== Collected material ==
%%

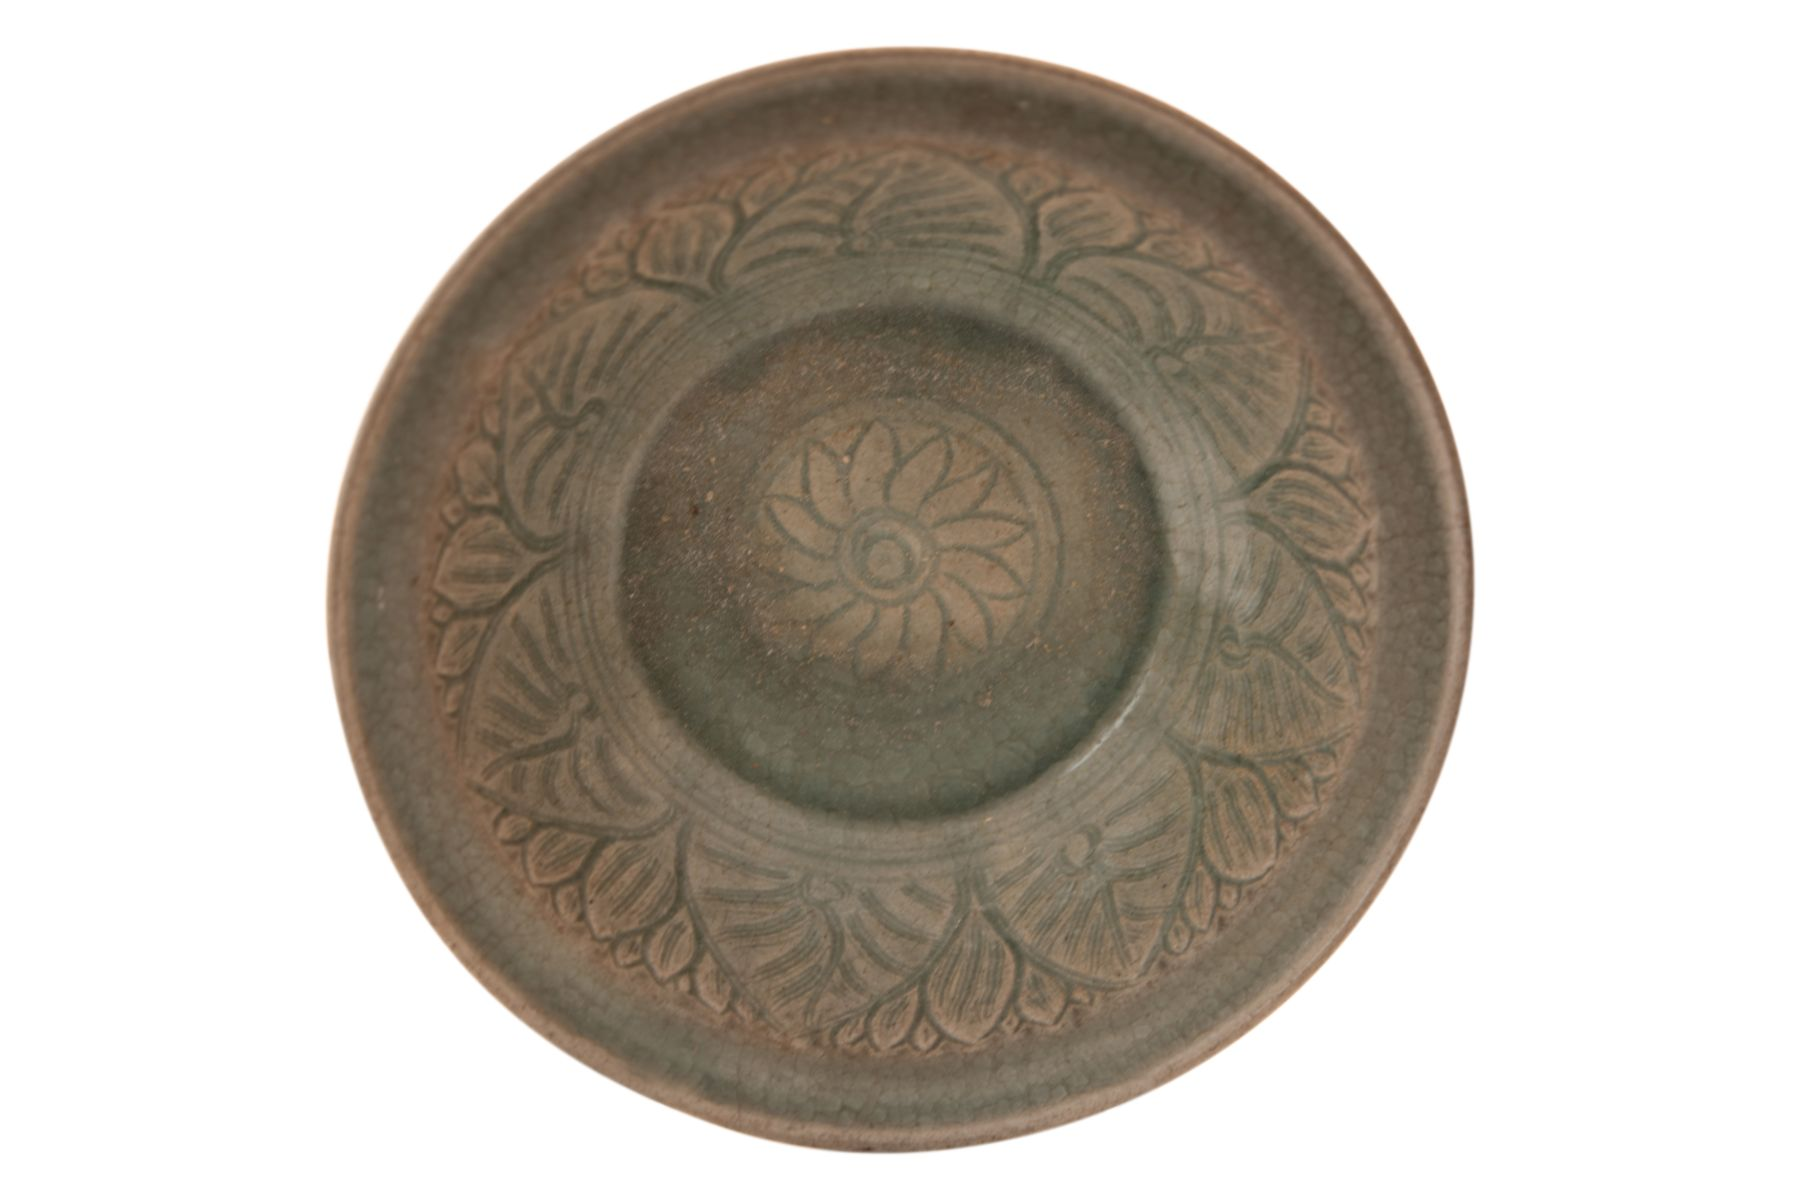 #82 Sawankhalok Bowl, 17th C. | Sawankhalok Schale, 17. Jh. Image
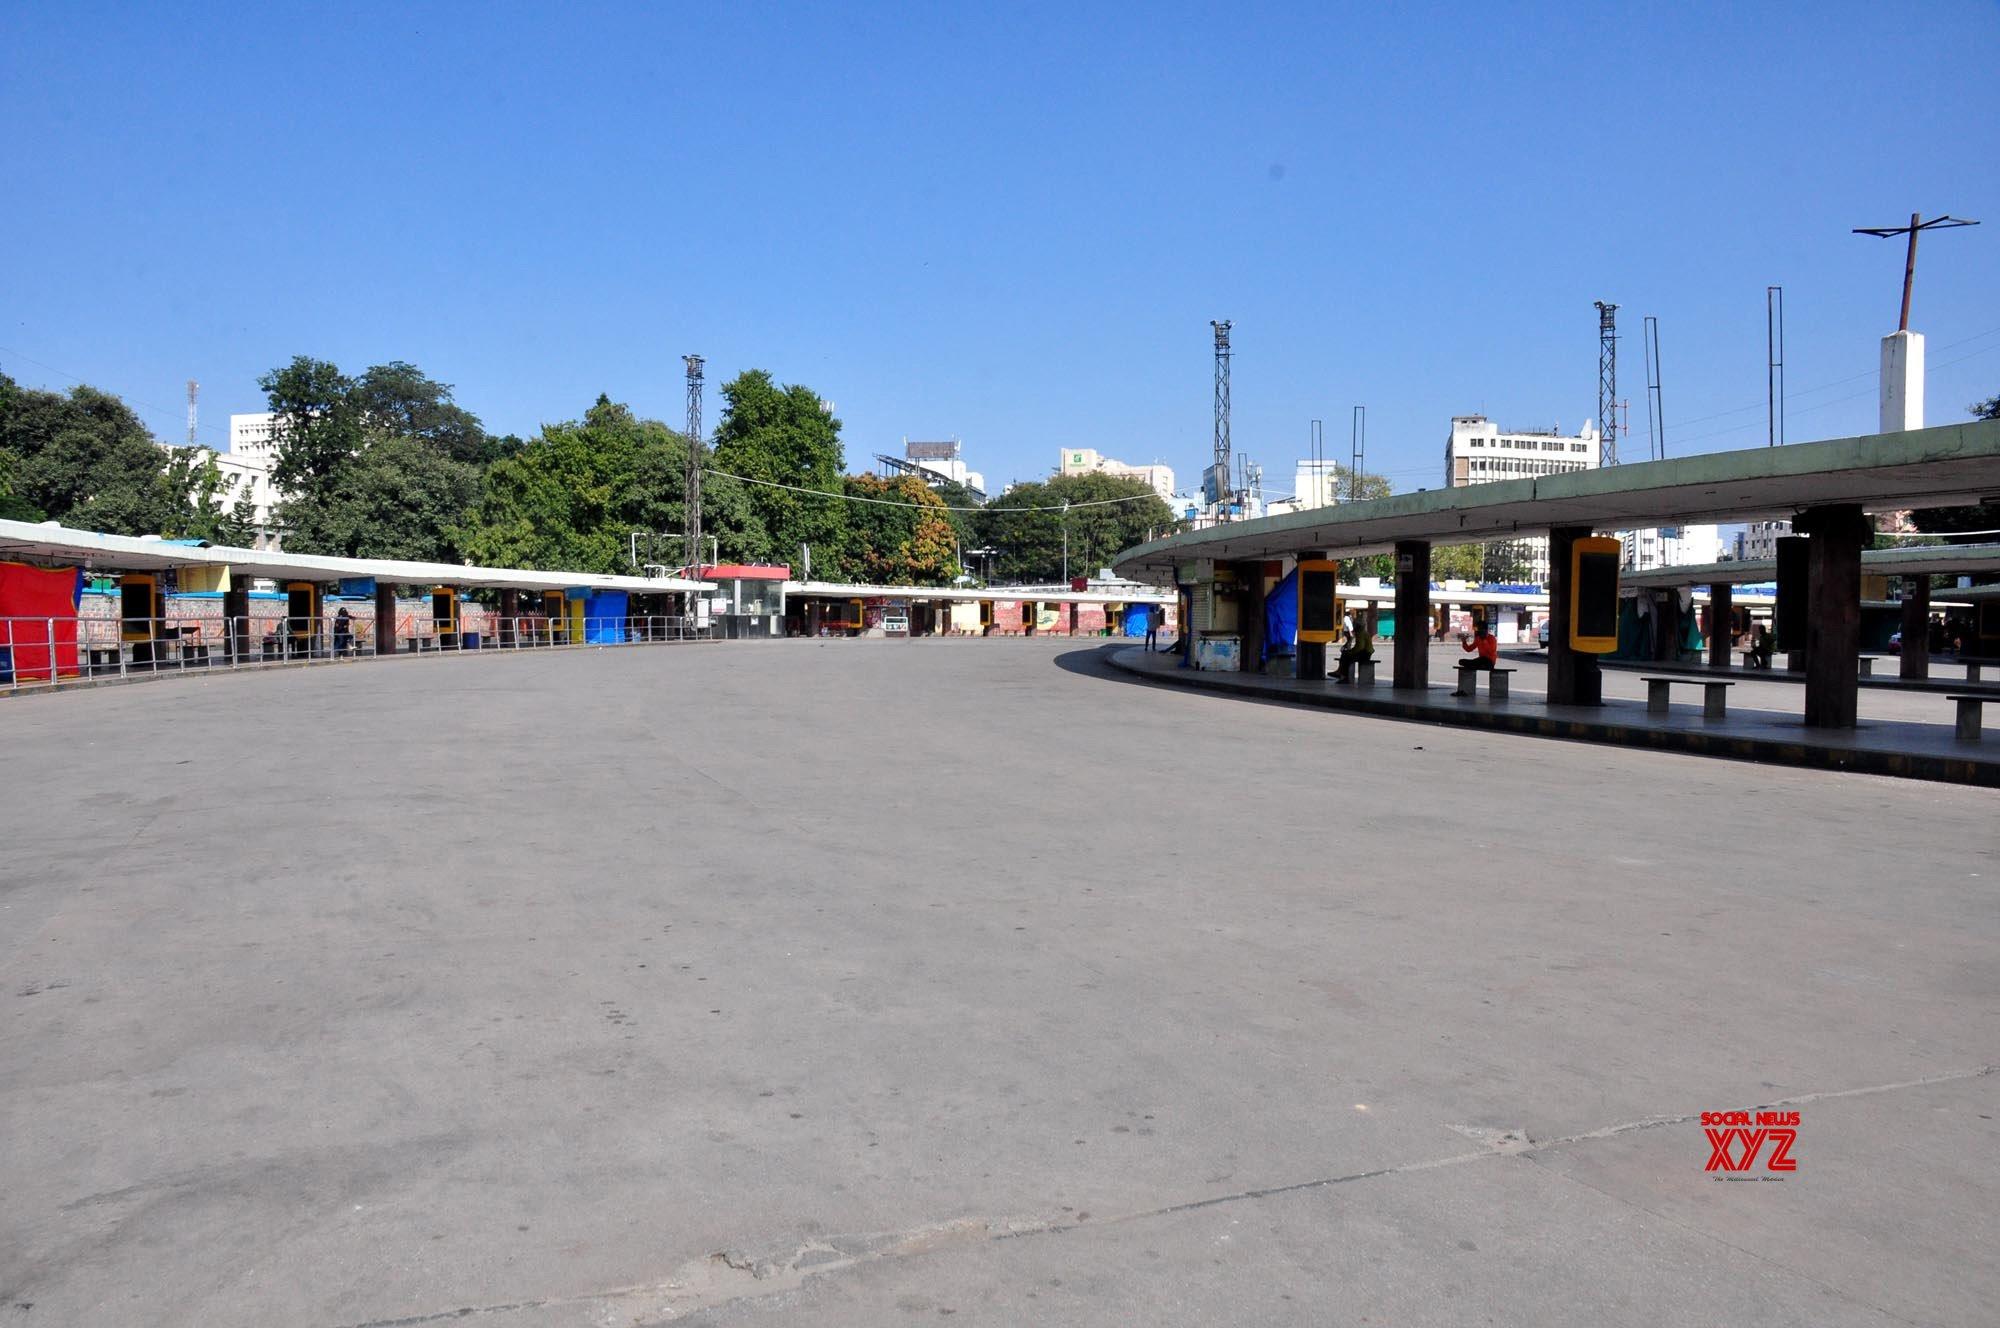 K'taka govt's 'inefficiency' behind transport workers' strike: Siddaramaiah
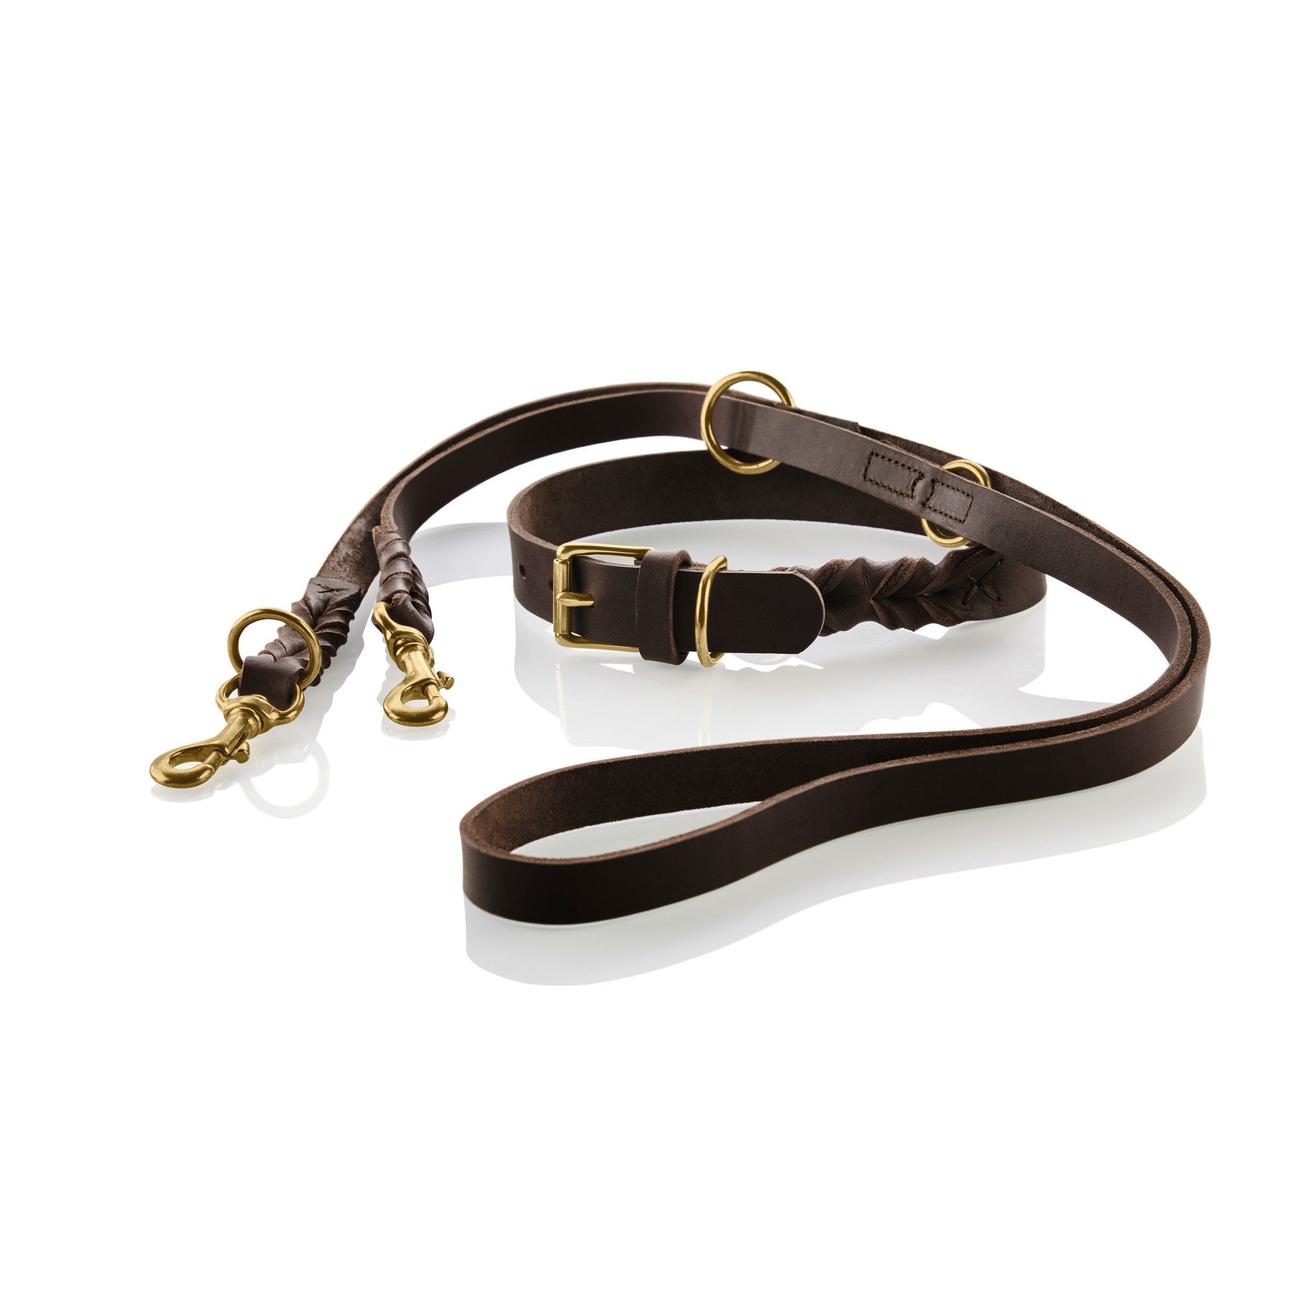 Hunter Hundeleine Leder Sansibar Solid 66863, Bild 7
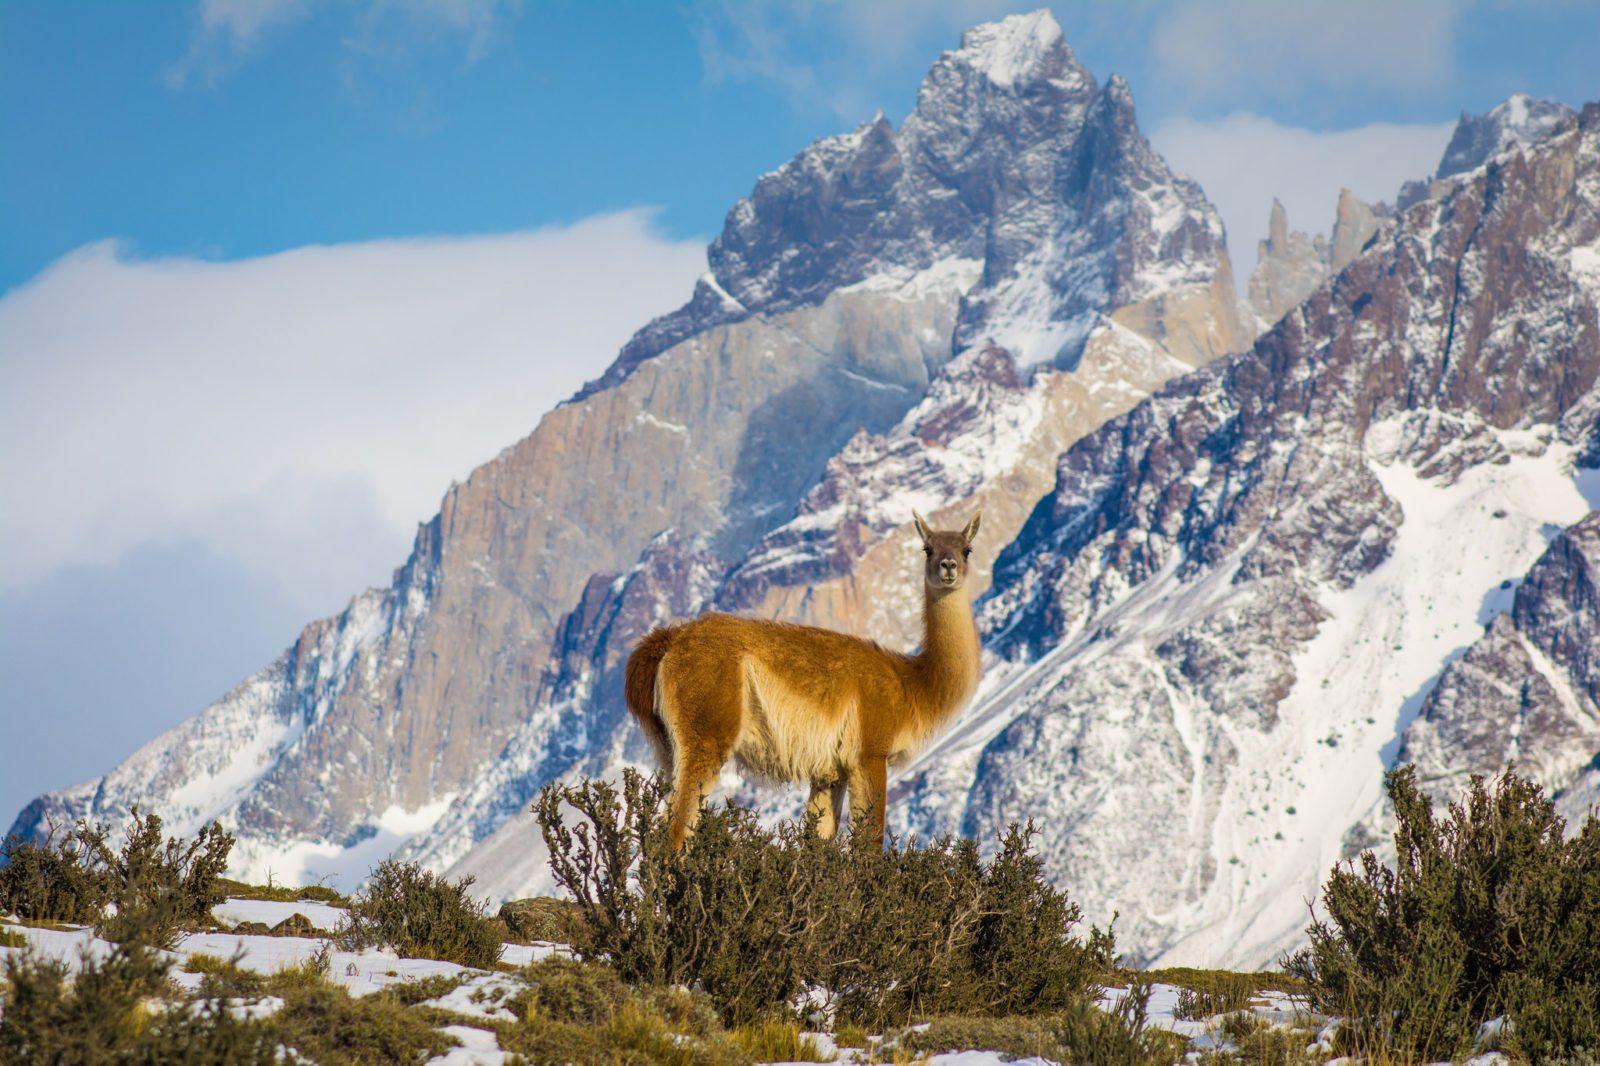 Adios Torres del Paine!

%%

Every line of the listing above is to be repeated exactly, with its pictures left out.

 #82 Sawankhalok Bowl, 17th C. | Sawankhalok Schale, 17. Jh. Image
 K'taka govt's 'inefficiency' behind transport workers' strike: Siddaramaiah
 Hunter Hundeleine Leder Sansibar Solid 66863, Bild 7
 Adios Torres del Paine!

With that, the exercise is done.